Features distinguishing enhancers from mRNA promoters are: i) enhancer RNAs are exosome-sensitive regardless of direction while (sense) mRNAs have a longer half-life than their antisense counterpart; ii) enhancer RNAs are short, unspliced, nuclear and non-polyadenylated and iii) enhancers have downstream pA and 5’ splice motif frequencies at genomic background level similar to antisense PROMPTs, while mRNAs are depleted of termination signals and enriched for 5’ splice sites 11,12.
Q3. How did the authors test the enhancers in zebrafish embryos?
To confirm that candidate enhancers can drive tissue-specific gene expression in vivo, five evolutionarily conserved CAGE-defined human enhancers (including the POU3F2 and MEF2C-proximal enhancers identified above) were tested via Tol2-mediated transgenesis in zebrafish embryos.
Q4. How many enhancers were normalized to the number of tags in each sample?
The number of robustly expressed enhancers and genes per sample were normalized to enhancers and genes per million mapped tags, utilizing the total number of mapped CAGE tags in each sample, and further log-transformed.
Q5. What was the first step in the amplification of target regions?
Amplification of target regions was followed by SAP treatment, reverse transcription and subsequent RNA base-specific cleavage (MassCLEAVE, San Diego, CA) as previously described58.
Q6. How was the expression of the flanking windows normalized?
The expression values of both flanking windows were normalized by converting tag counts to tags per million mapped reads (TPM) and further normalization between samples was done using the RLE normalization procedure in edgeR41.
Q7. Where can The authorfind a track for enhancers?

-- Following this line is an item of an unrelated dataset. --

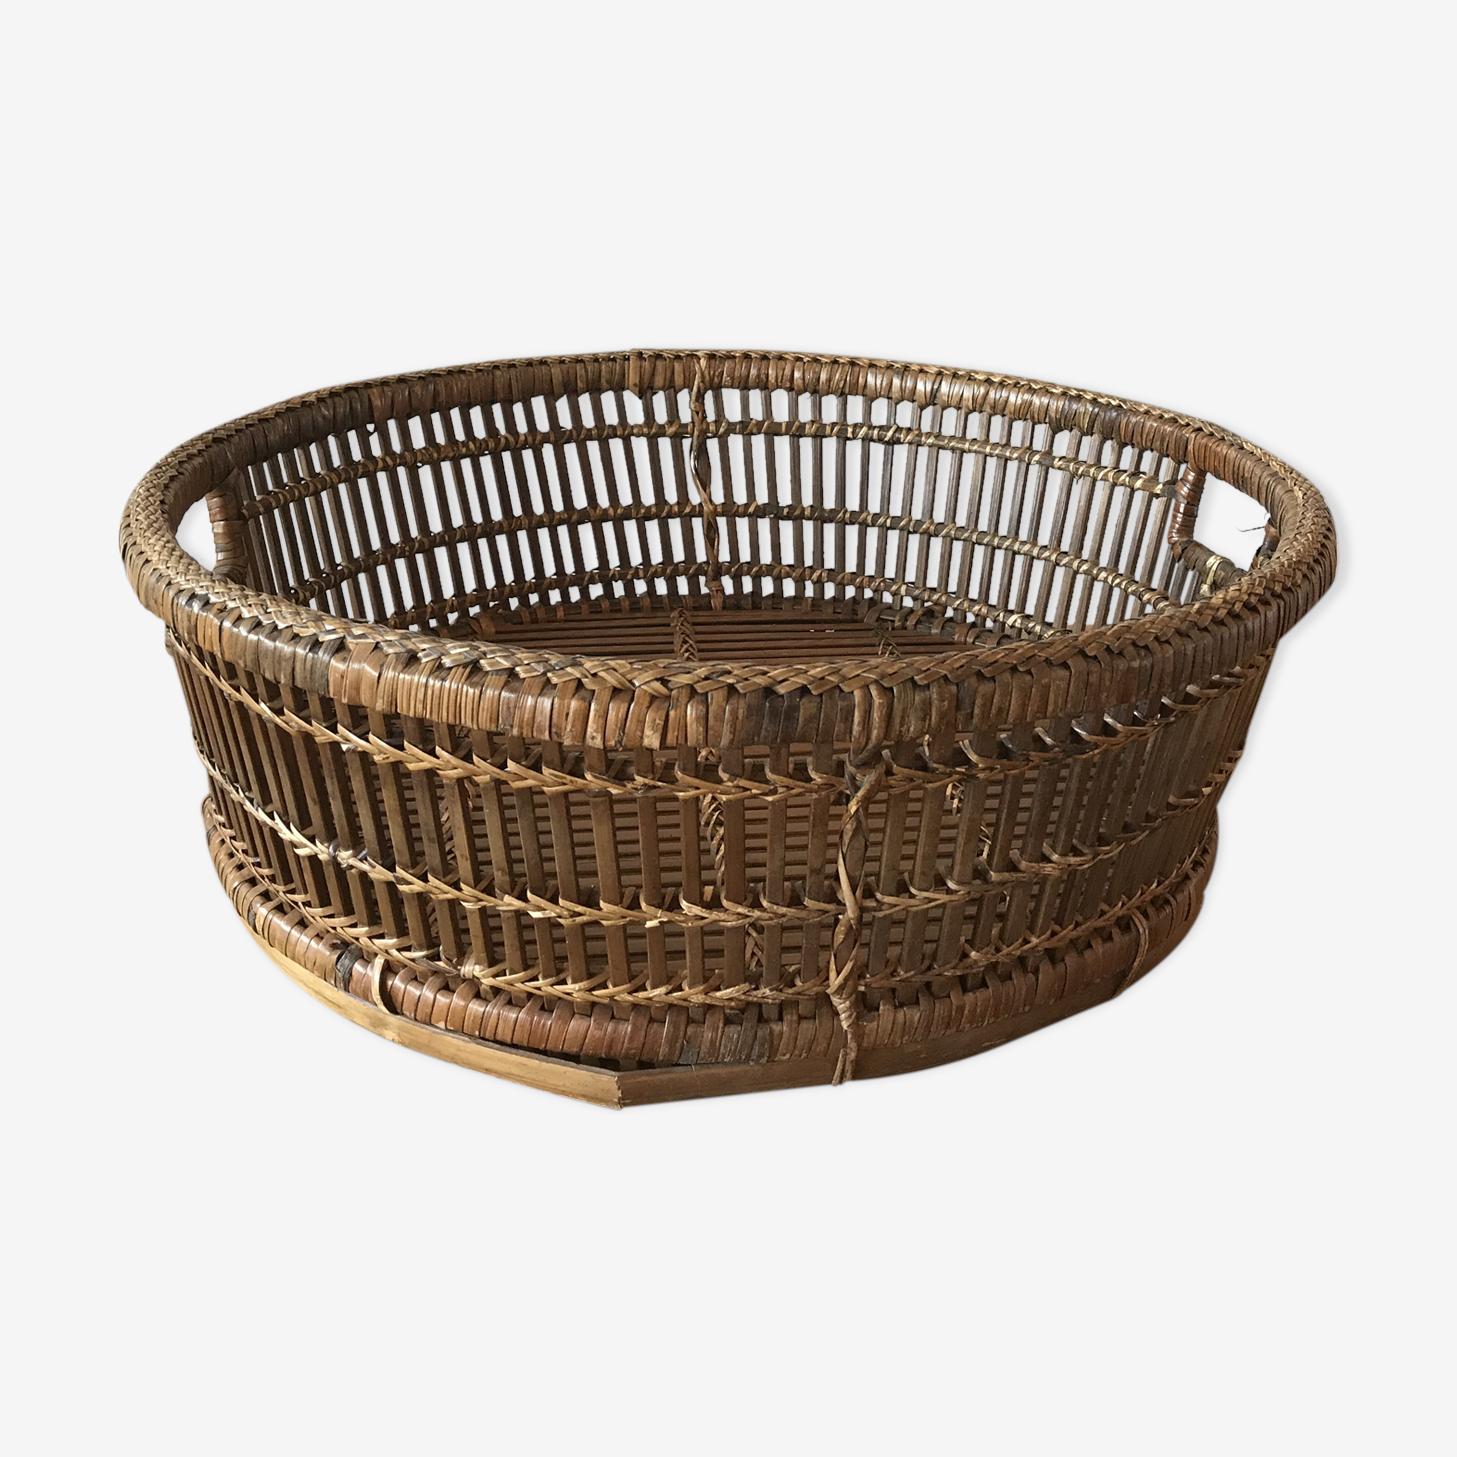 Basket rattan
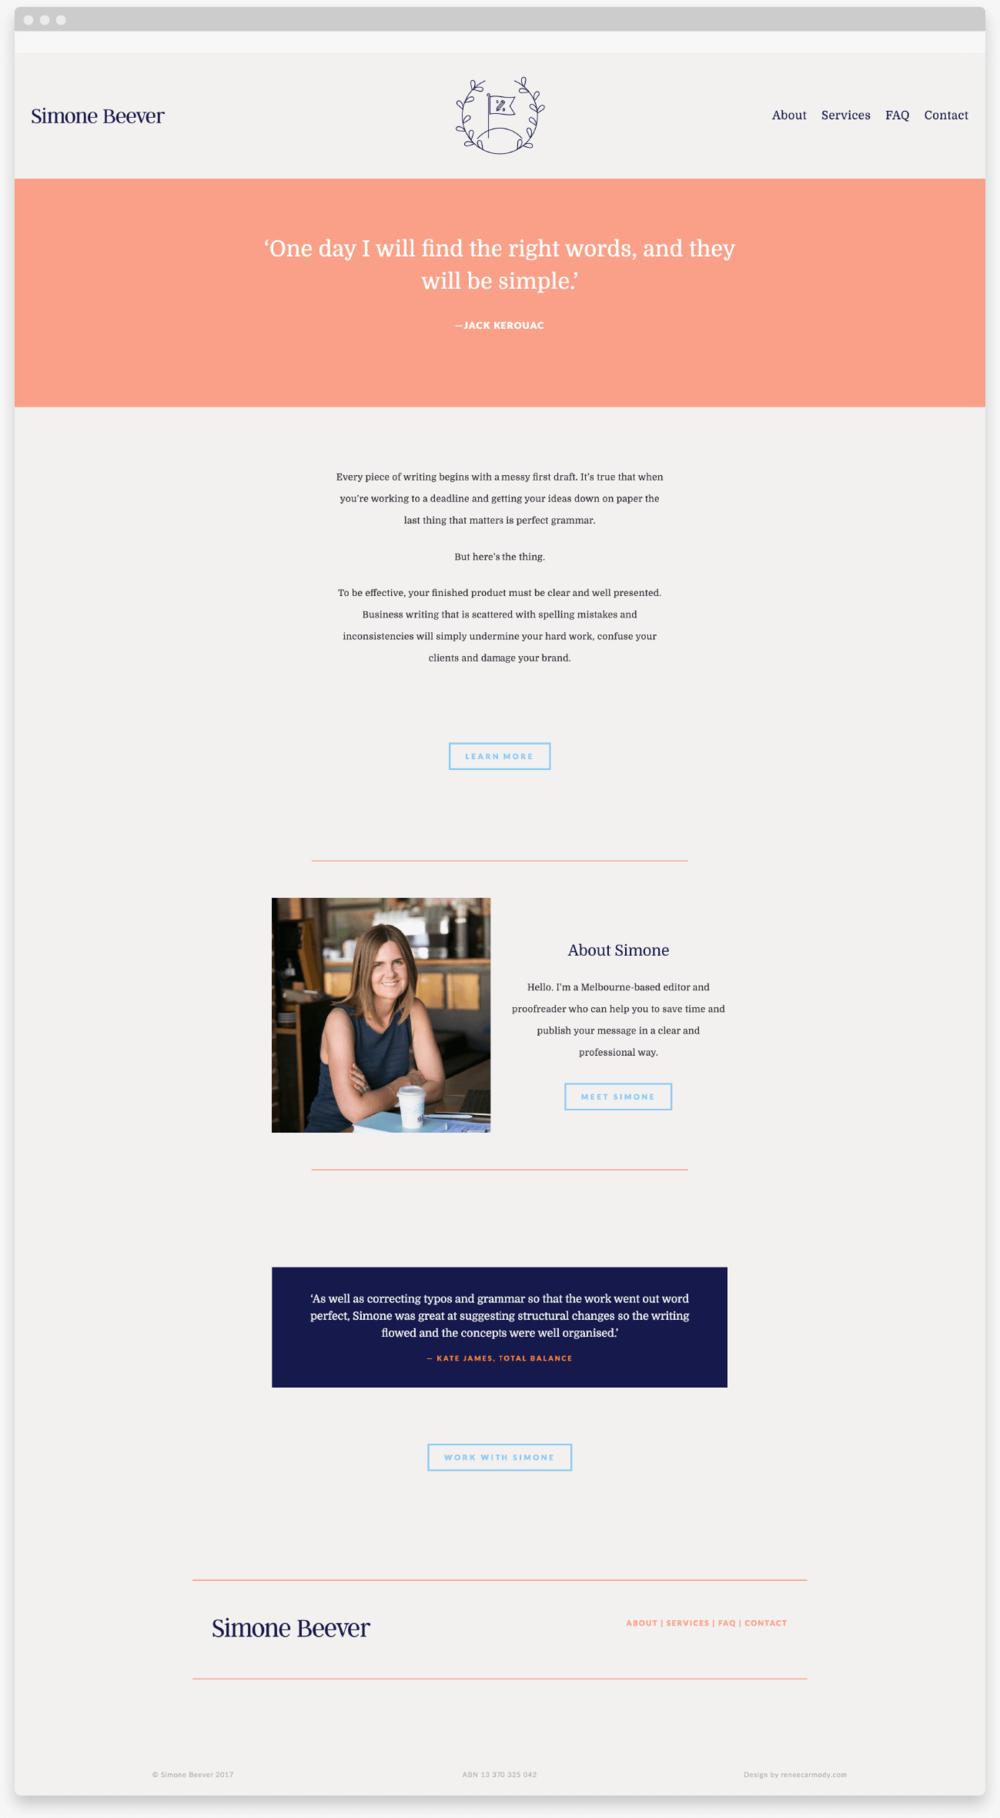 Brand and website design for Melbourne-based writer, editor and proofreader, Simone Beever by Renée Carmody Design. reneecarmody.com

Genome browser tracks for enhancers with user-definable expression specificity-constraints can be generated at http://enhancer.binf.ku.dk.
Q8. What are some examples of SNPs that are enriched in enhancers?
Examples include Graves’ disease-associated SNPs enriched in enhancers that are expressed predominantly in thyroid tissue, and similarly lymphocytes for chronic lymphocytic leukemia.
Q9. How many peaks were found at the GM12878 enhancer center positions?
Positional cross correlations were calculated between reverse and forward CAGE tag 5’ ends at ChIP-seq derived active HeLa-S3 and GM12878 enhancer center positions (as determined by P300 peaks) +/−300 bp (max lag 300) to identify their most likely separation.
Q10. How many enhancers were grouped in the facets?
The resulting sub-clusters broke up enhancers into 201 and 247 ubiquitous enhancers (u-enhancers) defined by cell type and tissue facets, respectively, (these sets intersect by 106 enhancers) and non-ubiquitous enhancers.
Q11. How many facets were used to visualize the complexity and specialization of facets?
In order to visualize the complexity and specialization of facets according to usage and specificity score of enhancers and genes, the authors counted the frequency of facet-used enhancers (significantly expressed in at least one contained sample) and gene promoters (≥ 1 TPM in at least one sample) with a specificity score in any of 20 bins distributed between 0 and 1.
Q12. How many enhancers were found in pathologically relevant cells?
For many traits where enriched disease-associated SNPs were within enhancers, enhancer activity was detected in pathologically relevant cell types (Fig. 6d, and Supplementary Figs 31 and 32).
Q13. How was the expression of each enhancer evaluated?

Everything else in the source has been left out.